For some tasks, the end-to-end learning will performance better, for example, machine translation; but for other problems, maybe it doesn’t work well.

10 - wether to use end-to-end deep learning

Let’s you are building a learning system and try to decide wether or not to use a end-to-end approach. Let’s take a look at the pros and cons of the end-to-end learning.

pros and cons of end-to-end deep learning:

end-to-end learning refer to learning a direct mapping from one end of the system to the other way of the system.

pros:
- let the data speak, whatever is the most appropriate function mapping from x to y, if you have enough data and training a big enough neural network, hopefully the network will figure it out. By having a pure maching learning approach maybe more able to capture whatever the statistics are in the data rather than being force to reflect human preconceptions.
- less hand-designing of components needed.
cons:
- maybe need a large amount of data
- excludes potentially useful hand-designed components. if we don’t have a lot of data then the learning algorithm doesn’t have much insight can gain from the data, and so hand designed components can really be a way for we to inject the knowledges into the algorithm, that’s not always a bad things.

The learning algorithm having two main source of knowledges: data and hand-design.
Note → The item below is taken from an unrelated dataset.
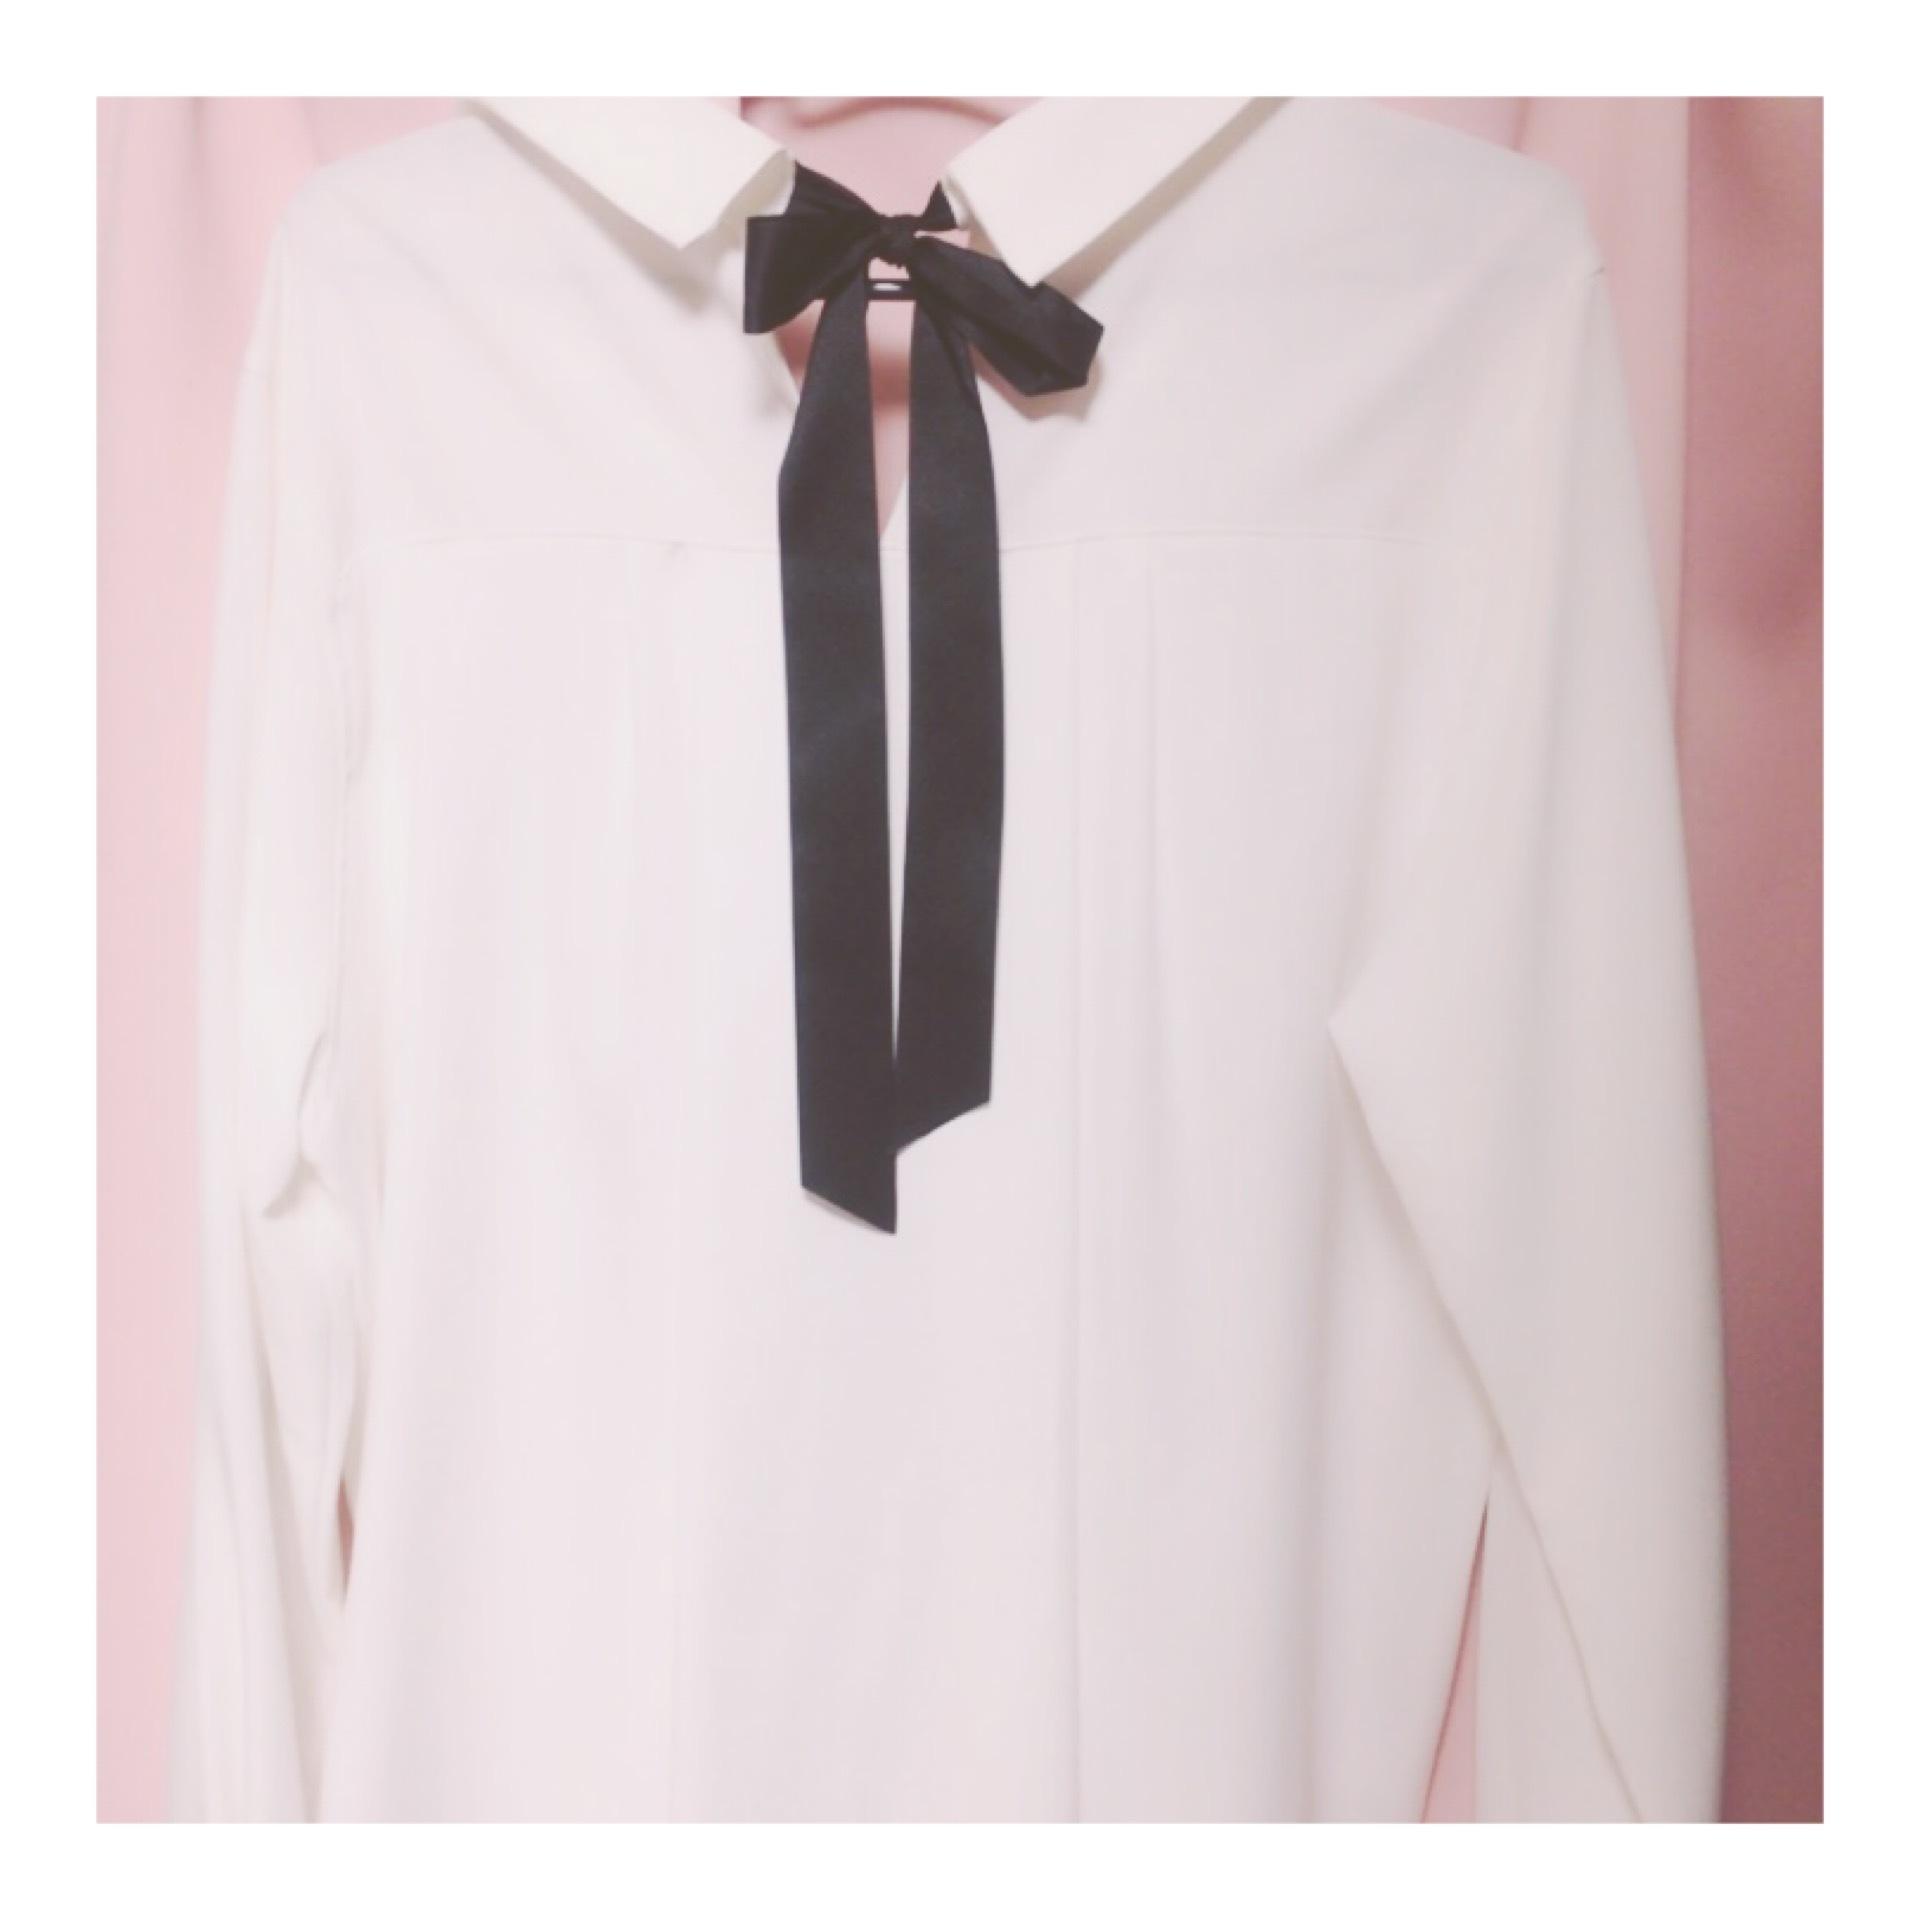 スキッパーシャツ+バックデザイン♩《INGNI リボンスキッパーシャツ》_1_4

When you have ton of data, it’s less important to hand design things but when you don’t have much data, then having a carefully hand-designed system can actually allow humans to inject a lot of knowledge about the problem into an algorithm and that should be very helpful.

So when you are building a new machine learning system and you are try to decide whether or not to use end-to-end deep learning, the key questions is, do you have sufficient data to learning the function to map from x to y.

Intuitively, if you are try to learn a function form x to y, that is look at the images and recognize the position of the bones in this images, maybe this seem like a relatively simple problem to do, and maybe don’t need too much data for this task. Or give a picture of a person, maybe finding the face of the person in the images doesn’t seem like a hard problem, so maybe don’t need too much data. Whereas in contrast, the function needed to look at the hand and map directly to the age of the child, that seems like a much more complex problem that maybe you need more data if you are applying a pure end-to-end deep learning approach.